▶ DIRECTIONS FOR THIS TASK
Among the records that follow, find the line with "SV2 - Economy" and the line with "Garden July 2015 026.jpg". Set down those lines and all lines between them exactly, without adding anything.

Items from a data source:
*** Block opens ***
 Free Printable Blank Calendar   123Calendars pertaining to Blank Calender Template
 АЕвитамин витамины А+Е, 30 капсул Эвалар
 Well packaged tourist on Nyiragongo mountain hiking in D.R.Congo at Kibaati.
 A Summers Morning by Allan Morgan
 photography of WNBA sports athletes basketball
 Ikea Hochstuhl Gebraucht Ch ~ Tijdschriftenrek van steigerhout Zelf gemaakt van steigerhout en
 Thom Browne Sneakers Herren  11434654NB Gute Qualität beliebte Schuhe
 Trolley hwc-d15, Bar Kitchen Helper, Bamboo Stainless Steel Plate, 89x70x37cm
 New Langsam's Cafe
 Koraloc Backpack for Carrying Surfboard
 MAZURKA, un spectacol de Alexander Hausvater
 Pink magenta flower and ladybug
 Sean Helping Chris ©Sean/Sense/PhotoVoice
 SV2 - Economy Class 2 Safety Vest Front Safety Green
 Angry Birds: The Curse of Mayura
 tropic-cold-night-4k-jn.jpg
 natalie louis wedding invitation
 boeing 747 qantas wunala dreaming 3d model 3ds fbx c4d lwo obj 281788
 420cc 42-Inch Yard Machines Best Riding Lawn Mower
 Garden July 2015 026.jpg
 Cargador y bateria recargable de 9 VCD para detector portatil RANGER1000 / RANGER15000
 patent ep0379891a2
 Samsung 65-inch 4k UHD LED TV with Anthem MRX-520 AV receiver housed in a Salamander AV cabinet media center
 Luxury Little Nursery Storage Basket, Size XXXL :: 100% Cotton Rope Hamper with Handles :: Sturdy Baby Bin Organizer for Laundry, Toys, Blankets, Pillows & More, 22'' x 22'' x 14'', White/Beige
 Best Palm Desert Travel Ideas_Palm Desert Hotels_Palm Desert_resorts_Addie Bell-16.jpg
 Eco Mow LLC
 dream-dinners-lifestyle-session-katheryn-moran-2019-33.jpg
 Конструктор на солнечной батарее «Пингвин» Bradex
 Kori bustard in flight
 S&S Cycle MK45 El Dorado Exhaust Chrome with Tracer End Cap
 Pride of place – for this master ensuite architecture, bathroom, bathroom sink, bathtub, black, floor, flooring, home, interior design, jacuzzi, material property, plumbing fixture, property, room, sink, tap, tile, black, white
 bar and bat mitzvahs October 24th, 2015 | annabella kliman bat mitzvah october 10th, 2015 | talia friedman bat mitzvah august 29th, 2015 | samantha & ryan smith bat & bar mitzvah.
*** Block closes ***
▶ ANSWER TO THIS TASK
 SV2 - Economy Class 2 Safety Vest Front Safety Green
 Angry Birds: The Curse of Mayura
 tropic-cold-night-4k-jn.jpg
 natalie louis wedding invitation
 boeing 747 qantas wunala dreaming 3d model 3ds fbx c4d lwo obj 281788
 420cc 42-Inch Yard Machines Best Riding Lawn Mower
 Garden July 2015 026.jpg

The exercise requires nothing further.